## WORK REQUEST
Could you say how many lines below contain the word "Model"? Give the number with no other text.

**** DATA FOR THIS EXERCISE

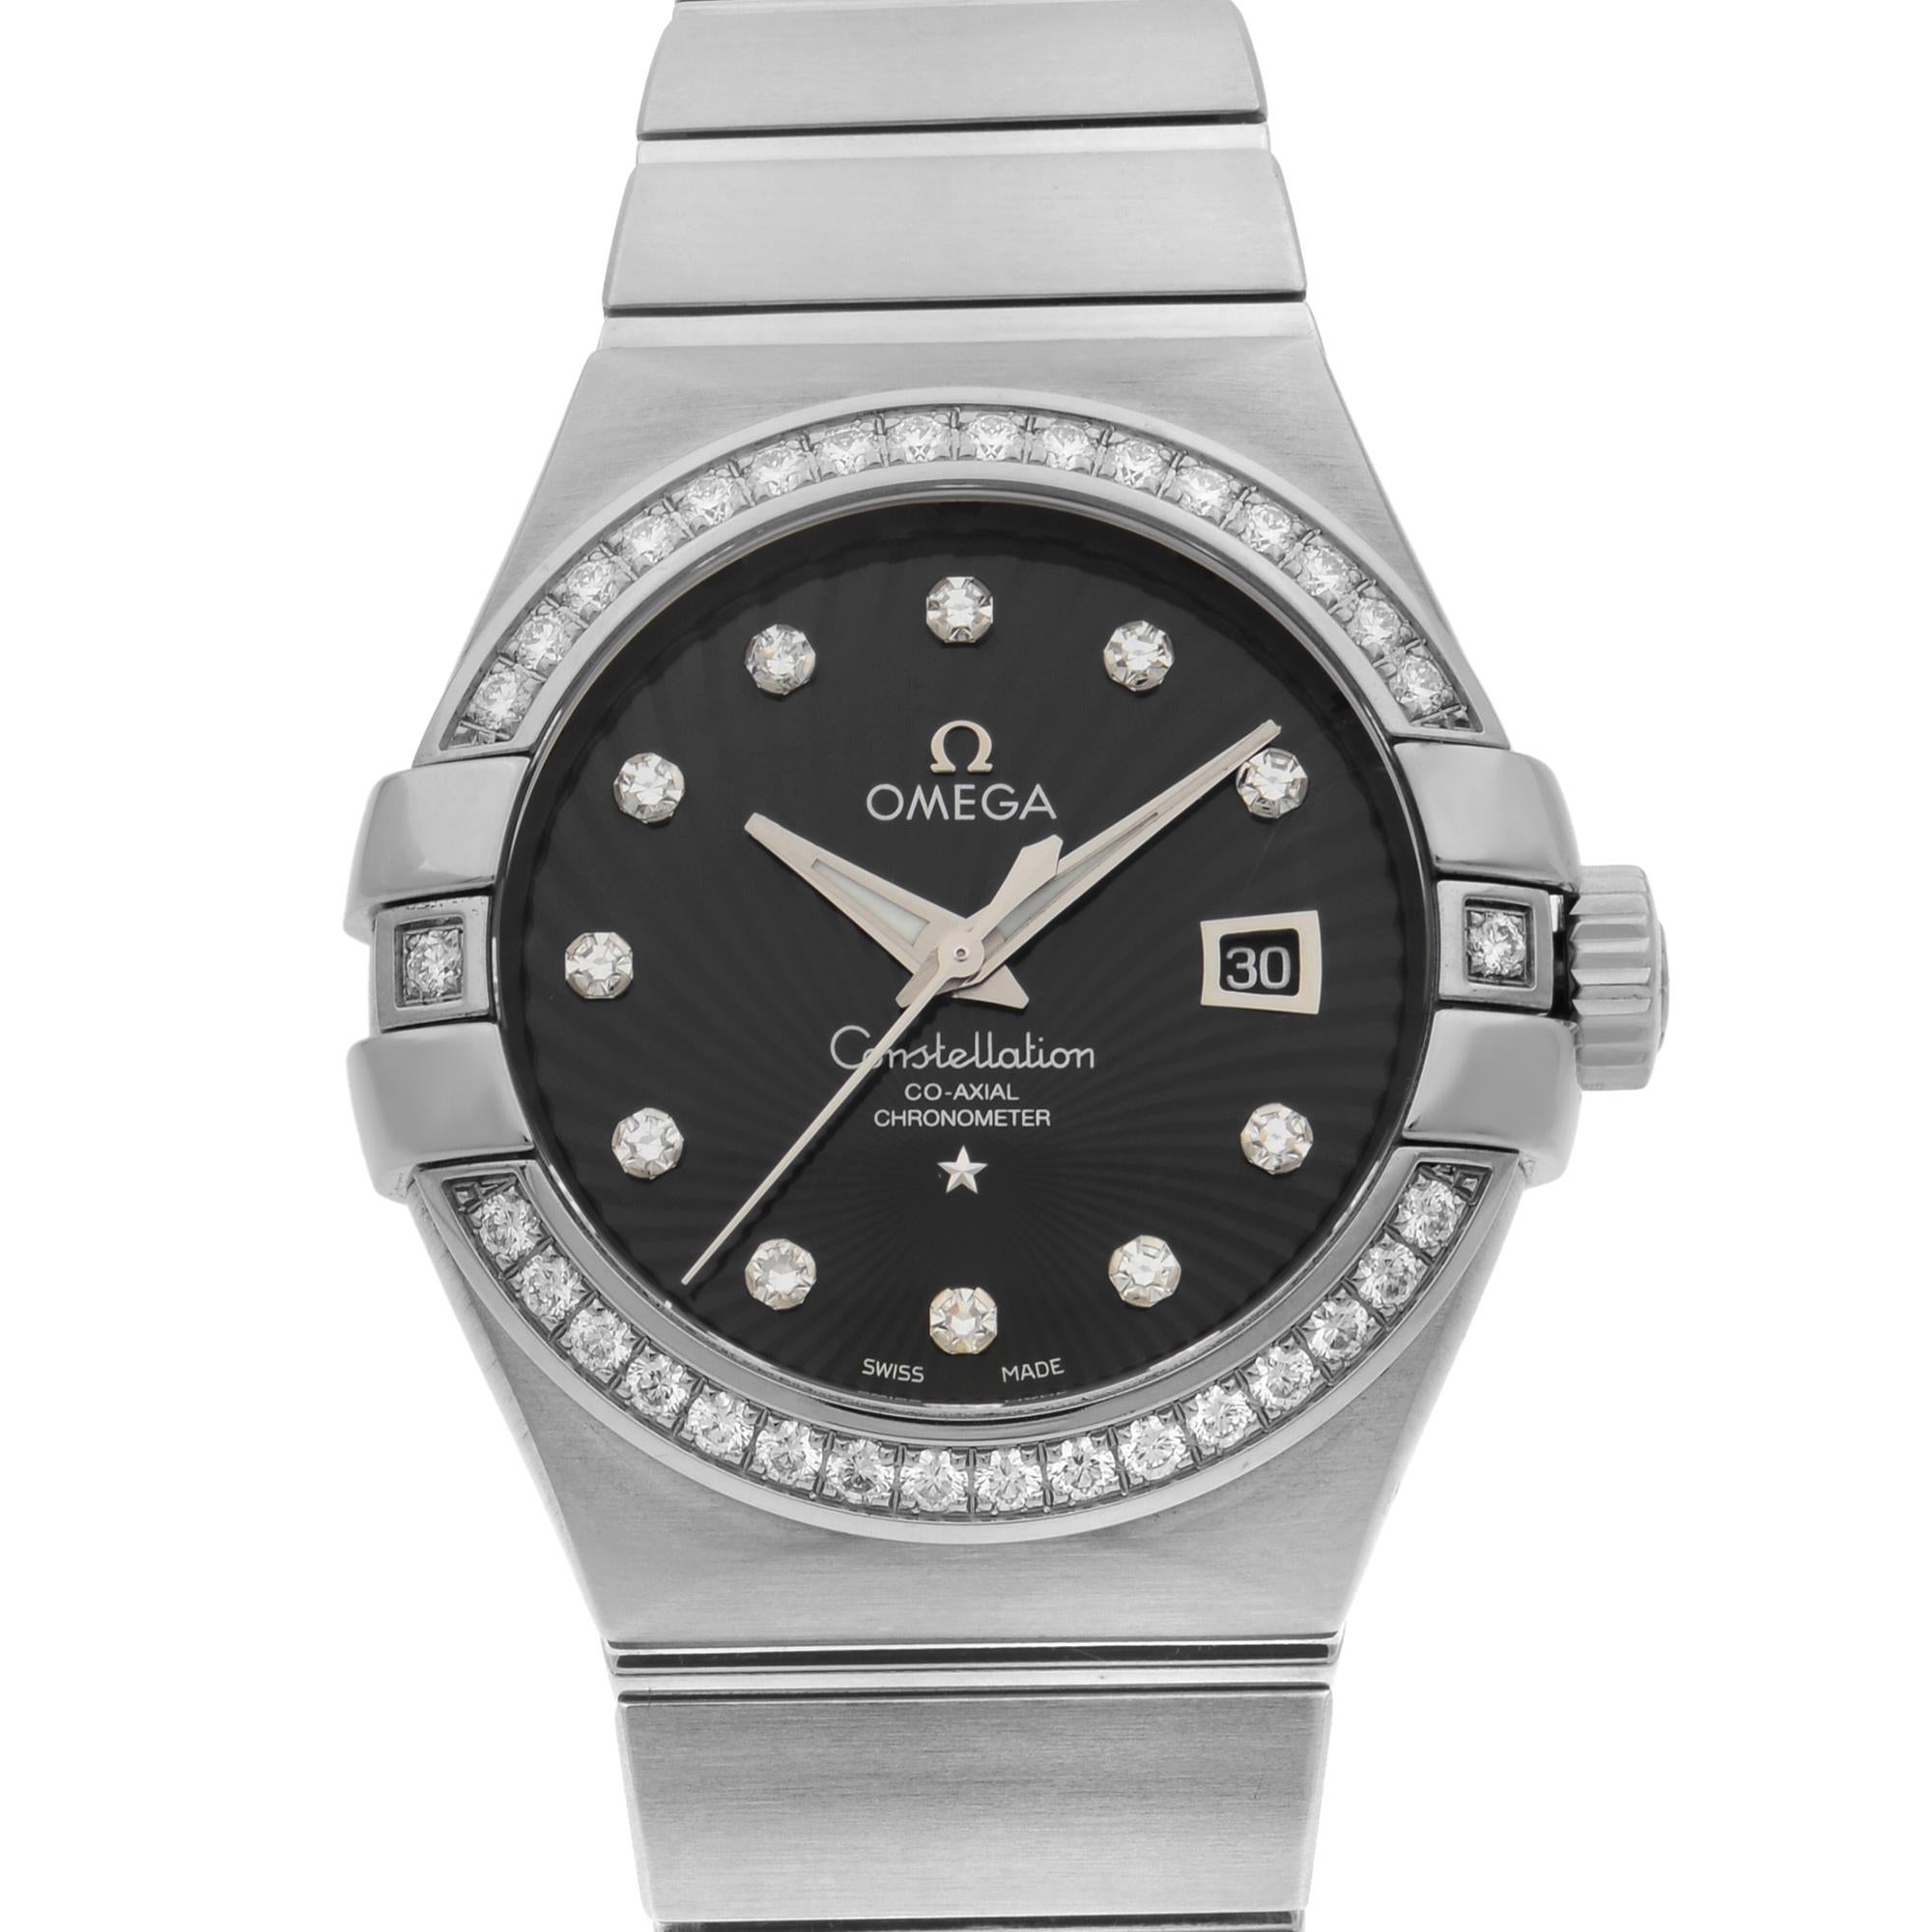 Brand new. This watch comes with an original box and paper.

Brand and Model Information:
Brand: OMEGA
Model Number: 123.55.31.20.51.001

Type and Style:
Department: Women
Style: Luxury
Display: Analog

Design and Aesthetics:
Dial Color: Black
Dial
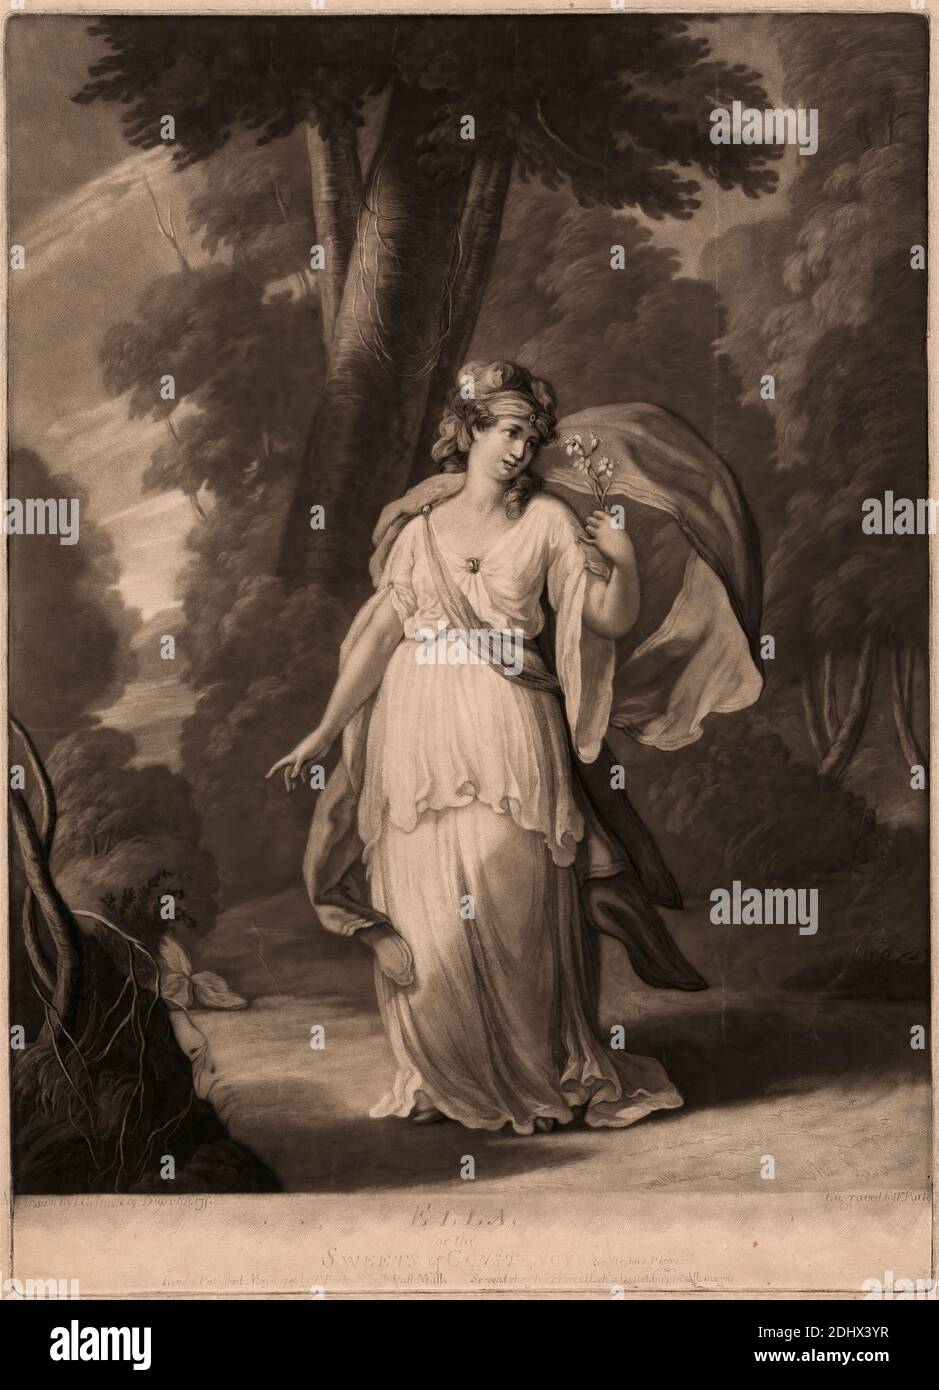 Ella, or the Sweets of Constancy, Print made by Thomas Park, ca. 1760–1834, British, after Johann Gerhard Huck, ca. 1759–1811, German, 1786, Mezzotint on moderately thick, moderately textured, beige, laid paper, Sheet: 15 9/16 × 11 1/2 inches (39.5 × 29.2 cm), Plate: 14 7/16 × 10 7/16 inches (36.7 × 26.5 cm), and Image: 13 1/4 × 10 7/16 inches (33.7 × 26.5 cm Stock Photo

********

## OUTPUT FOR THIS EXERCISE
2